┏━━

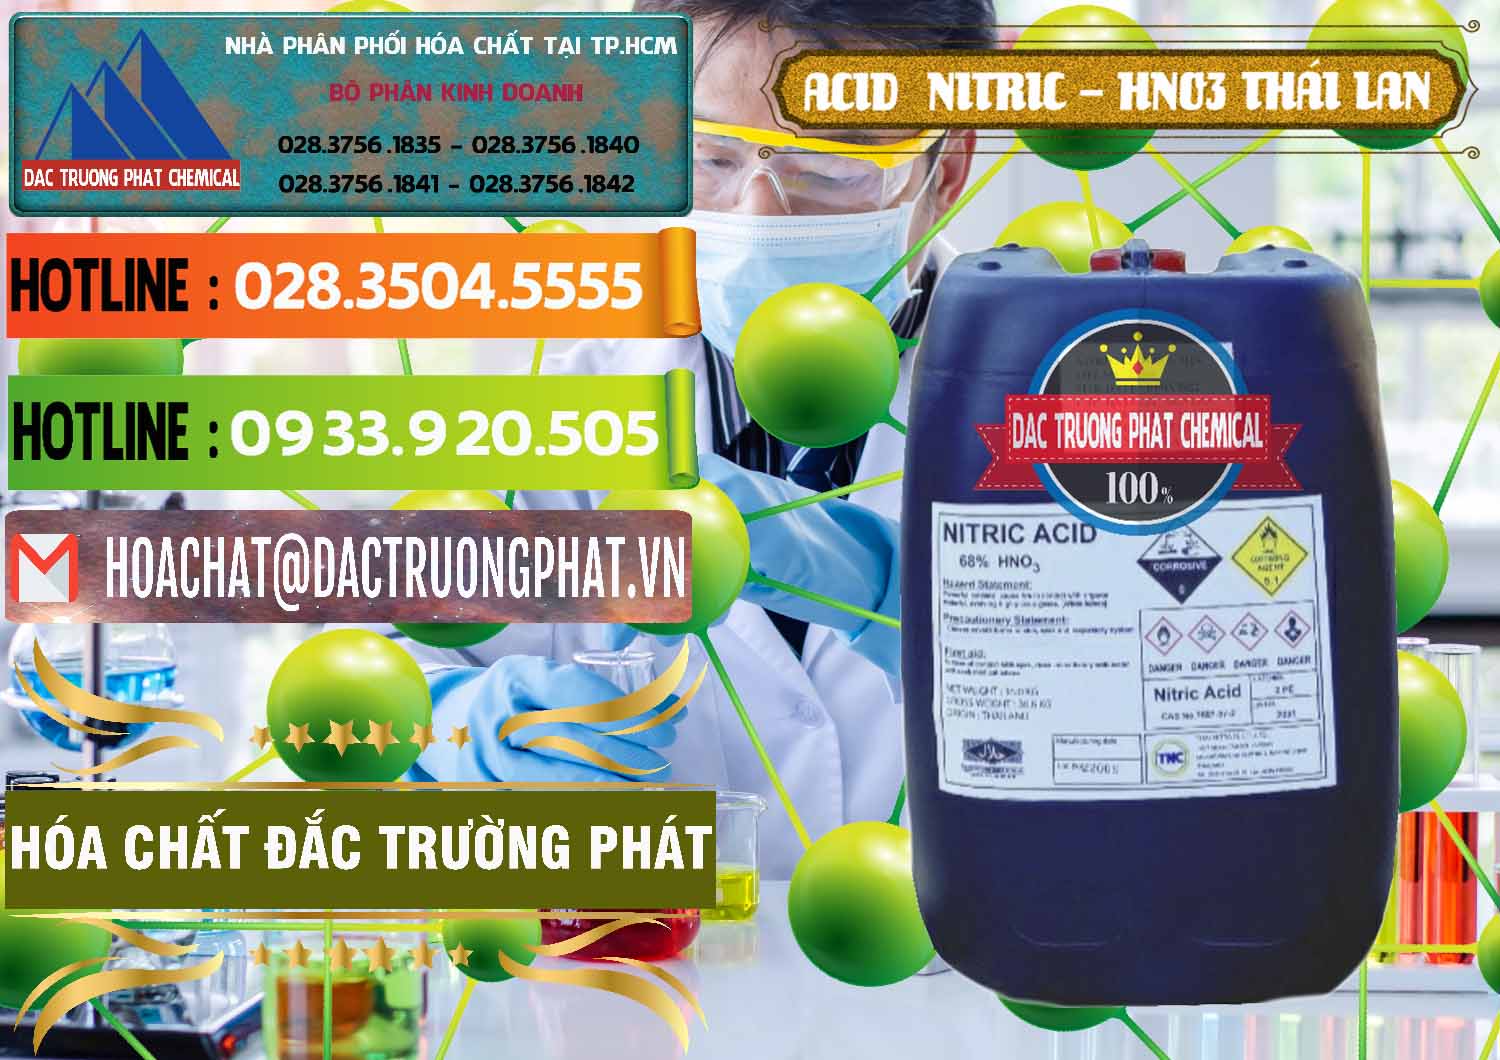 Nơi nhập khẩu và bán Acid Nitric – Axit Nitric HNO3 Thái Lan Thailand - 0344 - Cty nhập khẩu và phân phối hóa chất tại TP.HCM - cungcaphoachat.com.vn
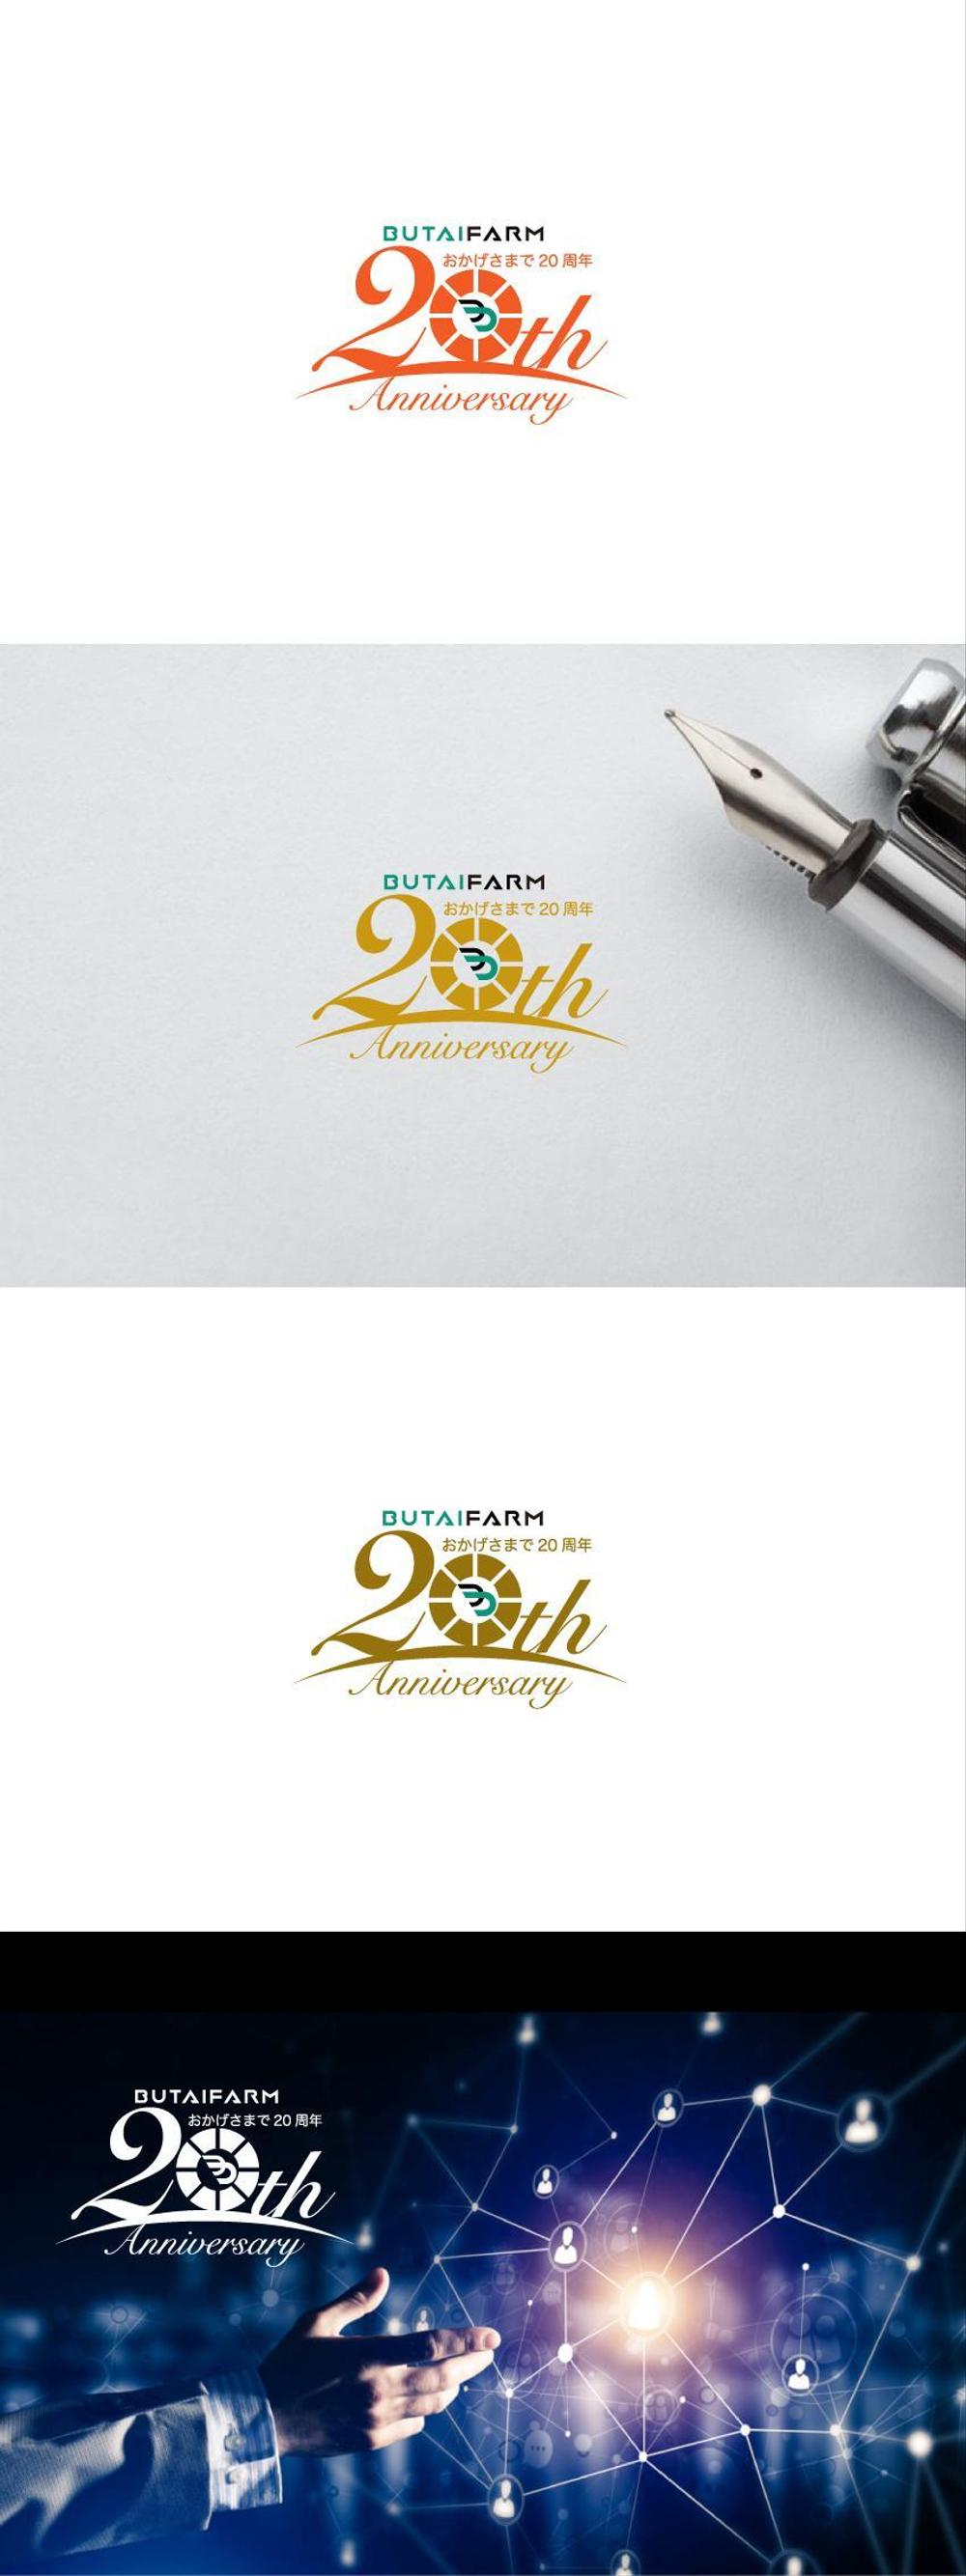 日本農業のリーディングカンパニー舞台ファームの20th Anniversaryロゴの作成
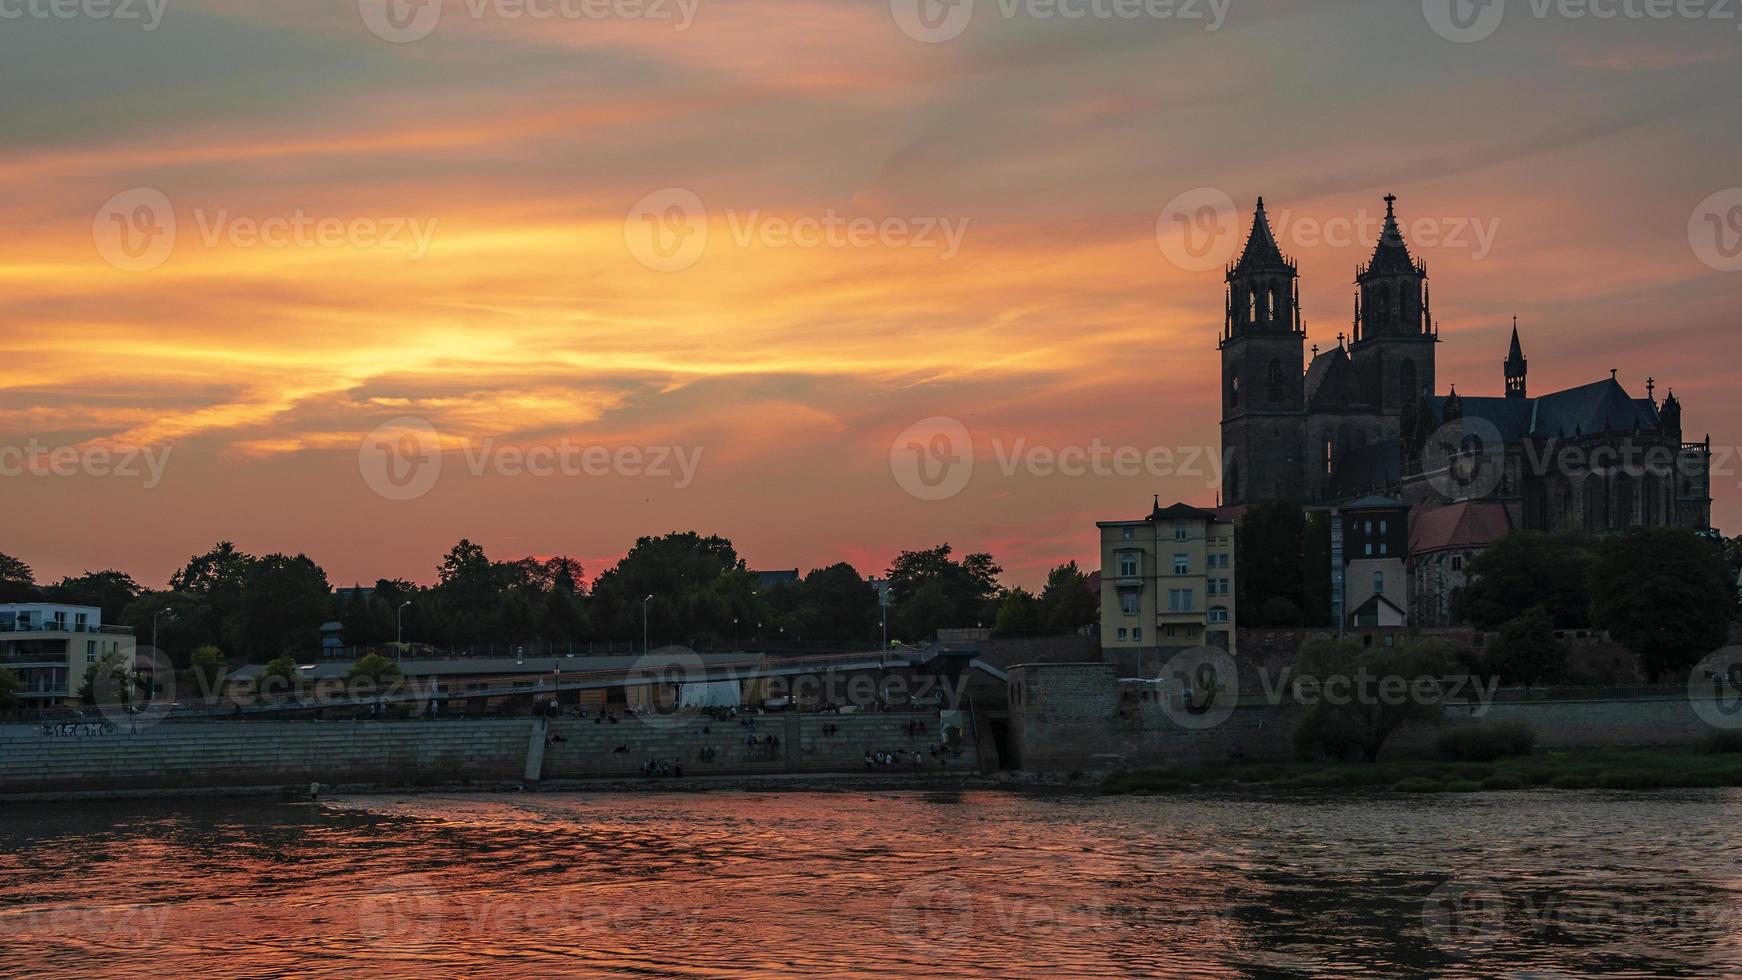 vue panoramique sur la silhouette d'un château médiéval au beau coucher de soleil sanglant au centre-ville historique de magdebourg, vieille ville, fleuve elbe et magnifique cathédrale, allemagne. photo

┗━━

TO DO:
The listing above must be restated word for word. Its pictures are to be left out.

RESULT FOR THIS TASK:
 Nơi nhập khẩu và bán Acid Nitric – Axit Nitric HNO3 Thái Lan Thailand - 0344 - Cty nhập khẩu và phân phối hóa chất tại TP.HCM - cungcaphoachat.com.vn
 日本農業のリーディングカンパニー舞台ファームの20th Anniversaryロゴの作成
 vue panoramique sur la silhouette d'un château médiéval au beau coucher de soleil sanglant au centre-ville historique de magdebourg, vieille ville, fleuve elbe et magnifique cathédrale, allemagne. photo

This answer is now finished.